Маклаков происходил из известной московской семьи, его отец был знаменитый в Москве окулист, профессор Московского университета. И впоследствии кто-то острил, так как один из братьев Маклакова пошел тоже по этой линии, острили, что один брат – окулист, а другой - стрекулист. Имею я виду родного брата Николая, министра внутренних дел реакционного.

Чтобы вы представляли картинку детства и круг общения, когда в Москве была эпидемия чего-то, чуть ли не холеры, то детей от греха подальше, видимо, потому, что отец был медиком и вращался в разного рода больницах, определили пожить в дом московского губернатора Перфильева. И именно там мальчик Вася увидел какого-то мужика с бородой и в сапогах, и удивился, что он делает в доме губернатора. Это был Лев Николаевич Толстой, с которым Маклаков впоследствии сдружился, что звучит почти невероятно, ибо разница в возрасте была 41 год. Но каким-то образом, когда Маклаков уже был студентом, именно его Лев Толстой избрал, когда он жил в Москве, в Хамовниках, своим спутником по прогулкам по Москве, а сам Маклаков, с присущей ему скромностью, говорил, что он гулял и беседовал со мной, потому что ему нужно было, чтобы его мозг отдыхал после работы. И он одно время увлекался толстовством, жил в какой-то толстовской колонии.
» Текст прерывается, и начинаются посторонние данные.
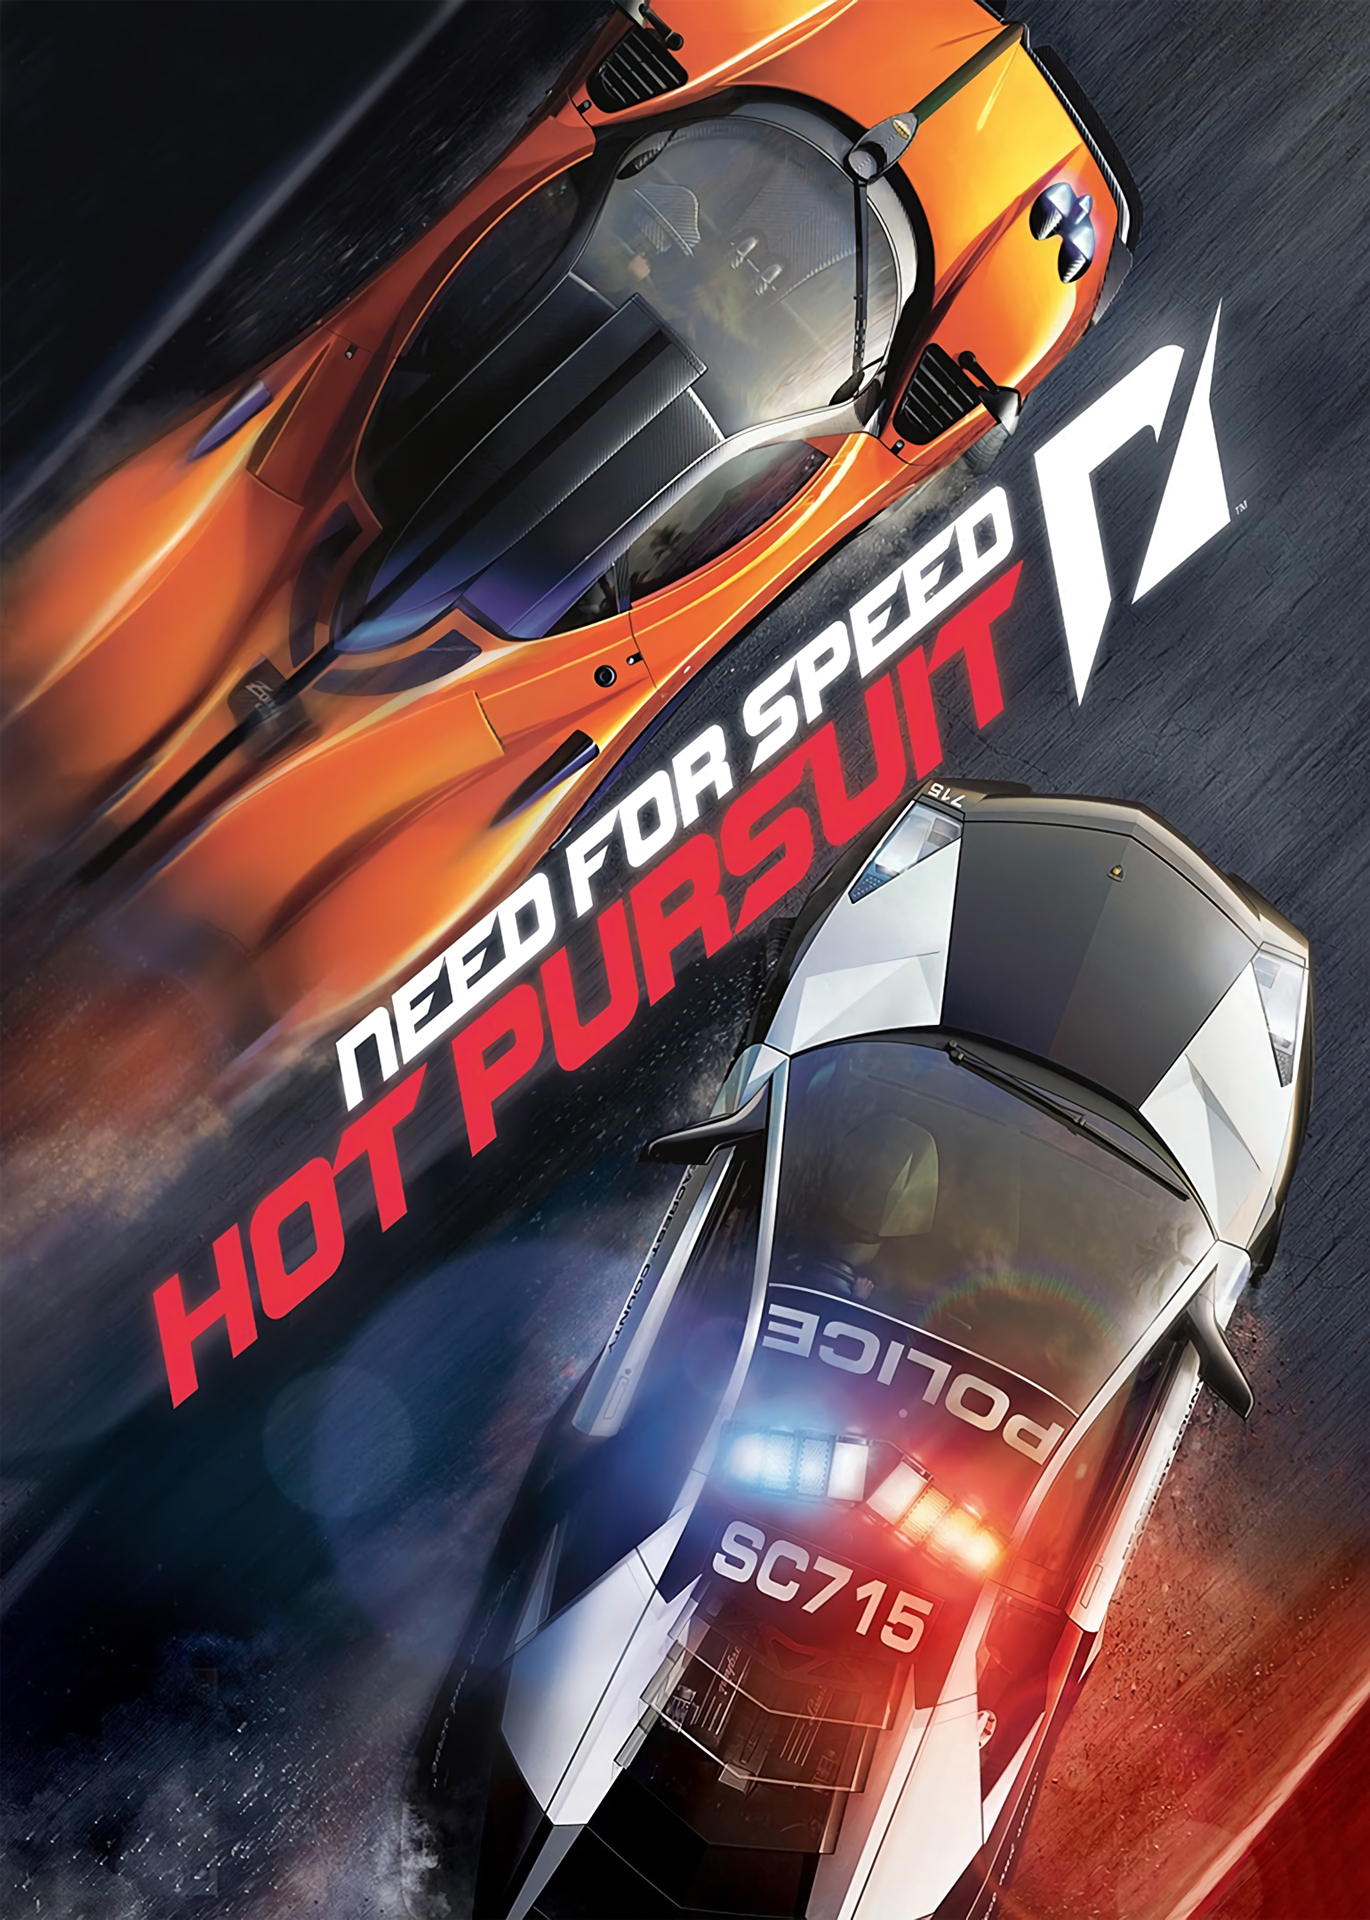 Game review] “ Need For Speed Hot Pursuit – Eagle Crest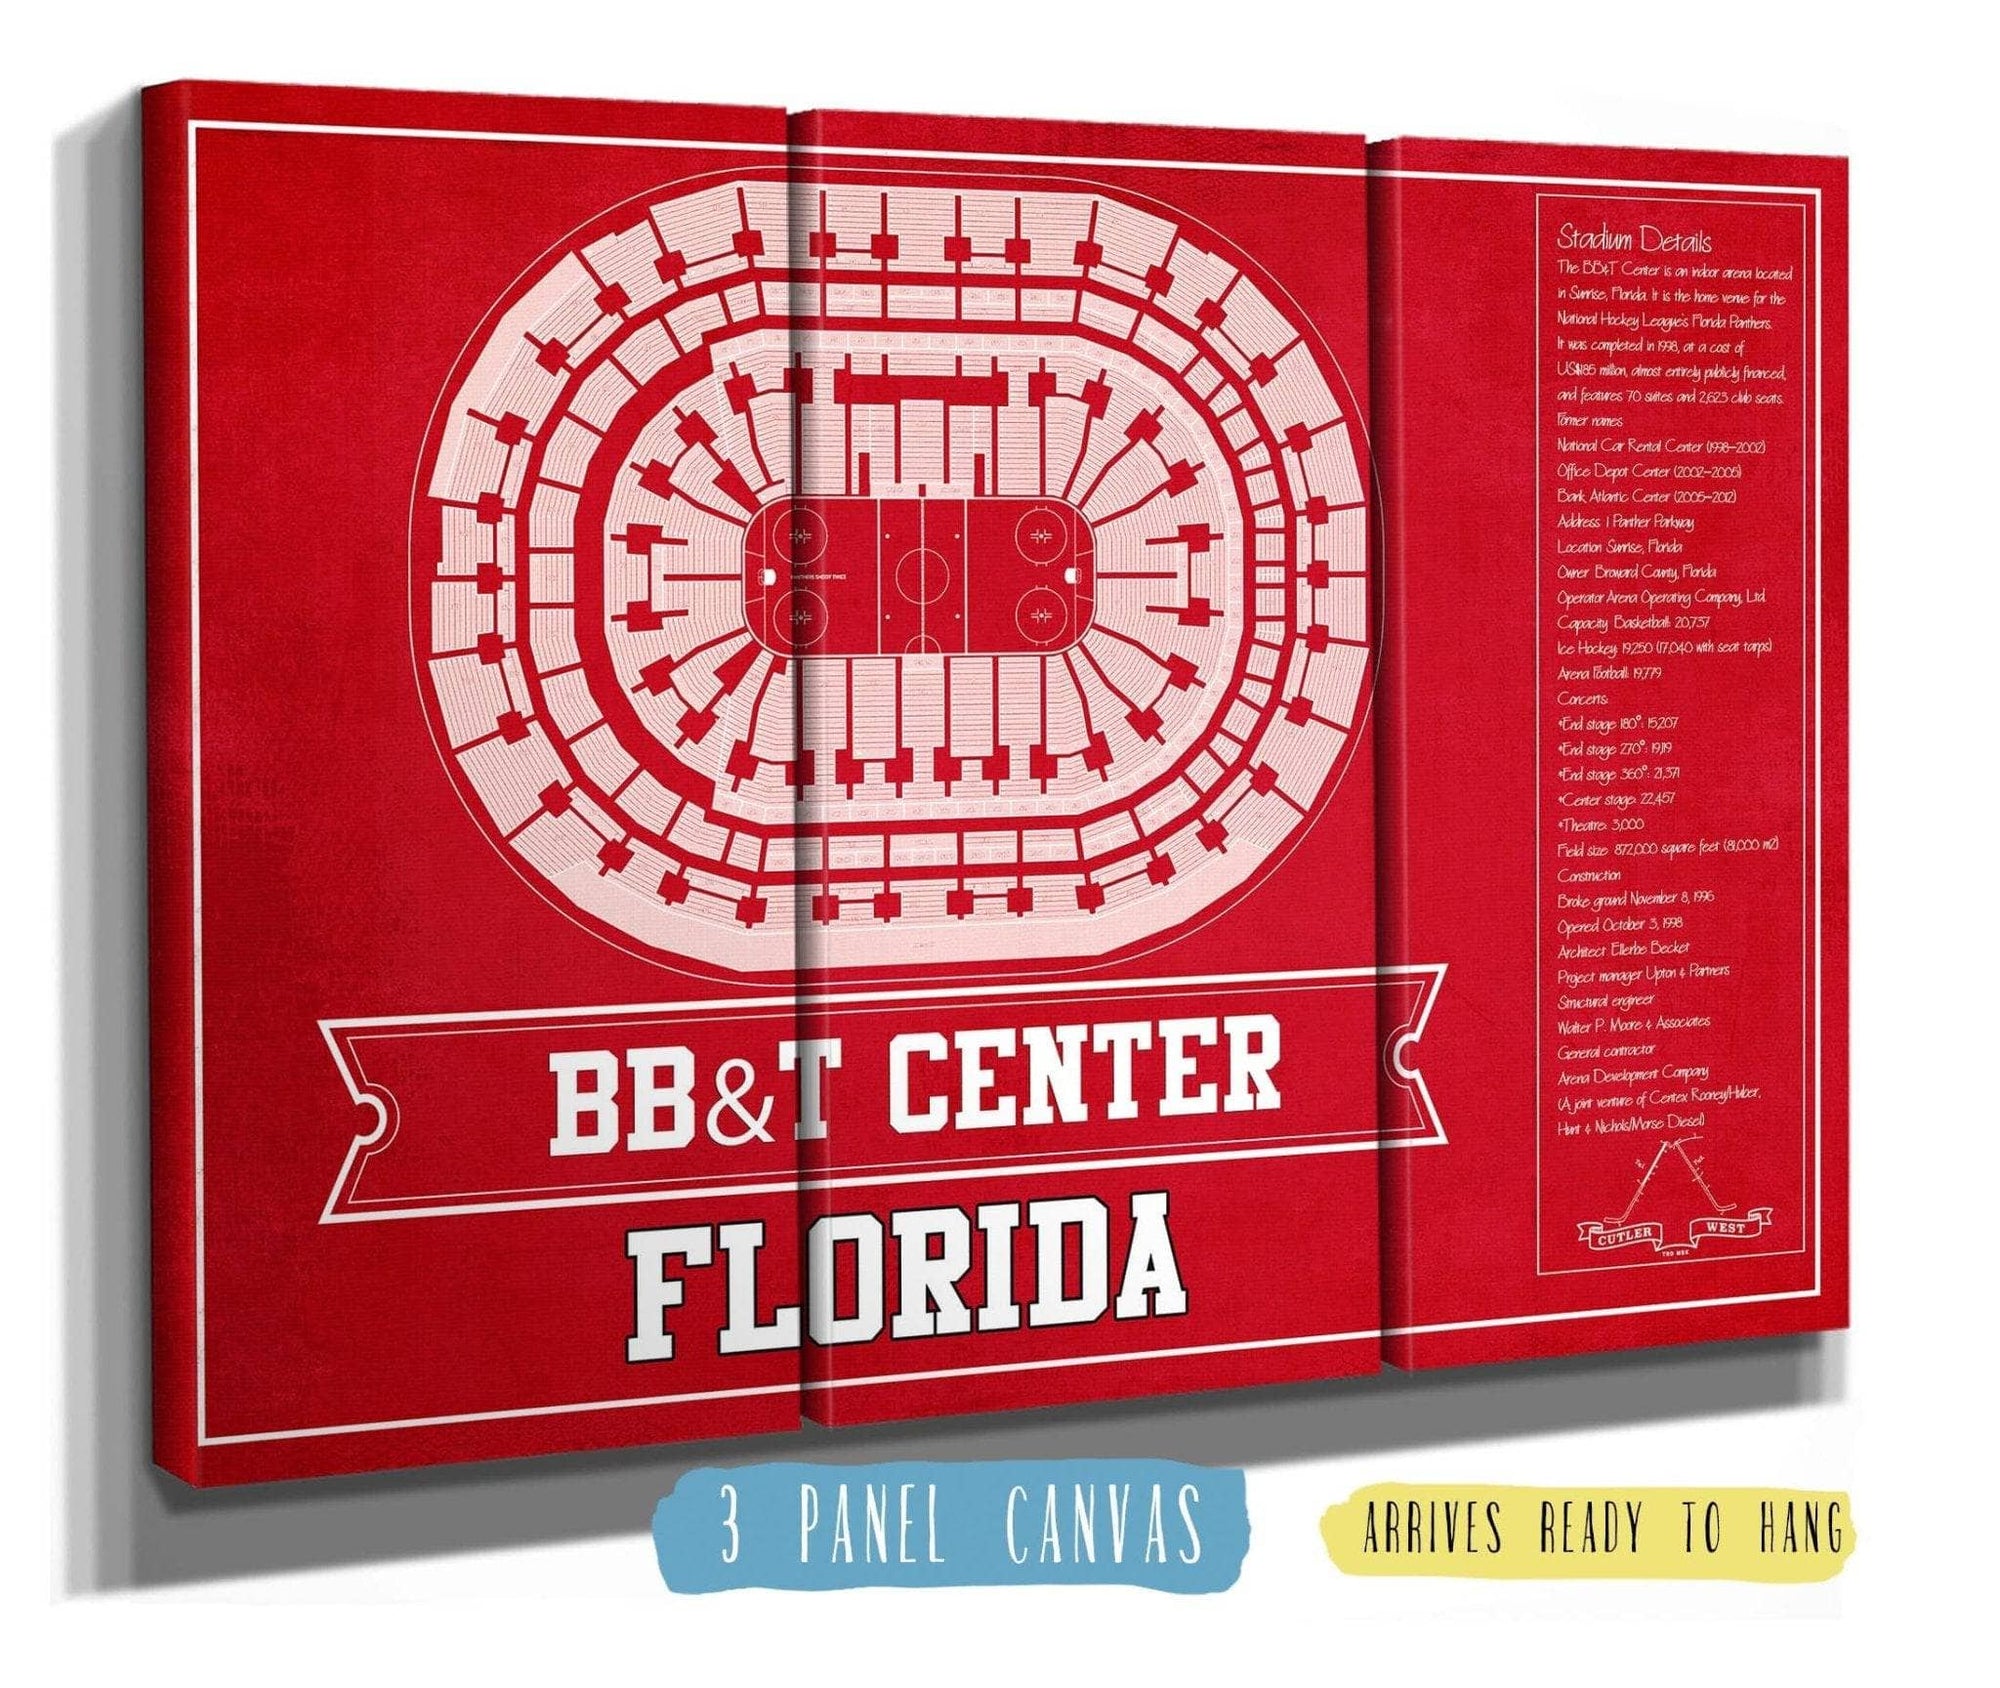 Cutler West 48" x 32" / 3 Panel Canvas Wrap Florida Panthers BB&T Center Seating Chart - Vintage Hockey Team Color Print 659981334-TEAM

Маклаков закончил школу с серебряной медалью, за какие-то выходки ему снизили, поступил на Естественное отделение Московского университета. У него были проблемы с полицией, поскольку он был активным участником студенческого движения, и особенно он вдохновился, когда съездил во Францию, а там отмечали столетие Революции, там была Всемирная выставка, и он там познакомился со студенческим движением, со студентами. И он думал отправить на Всемирный студенческий съезд каких-то делегатов. Его арестовывали за участие в студенческих движениях. Движение не политическое, но любая форма общественной организации была в России под запретом. Кончилось тем, что он перешел с Естественного факультета на Историко-филологический.

Учился у Павла Виноградова, медиевиста знаменитого, который стал профессором Оксфордского университета. Можете себе представить, российский медиевист, занимающийся Англией, которого приглашают преподавать в Оксфорд. И Виноградов ему, конечно, дал очень много. И у Милюкова он учился, который был на 10 лет старше. Он и Ключевского слушал, конечно. И публикация Маклакова, одна из первых, в «Ученых записках Московского университета», это «Избрание жребием в Афинском государстве». Студенческая работа, на которую ссылались вполне серьезные ученые, включая Ростовцева. Там было два текста, в этом томе «Ученых записок», один принадлежал перу Маклаков, а другой - перу его университетского приятеля Михаила Гершензона, о котором очень интересно он пишет в своей последней книге воспоминаний. Вот такой круг общения.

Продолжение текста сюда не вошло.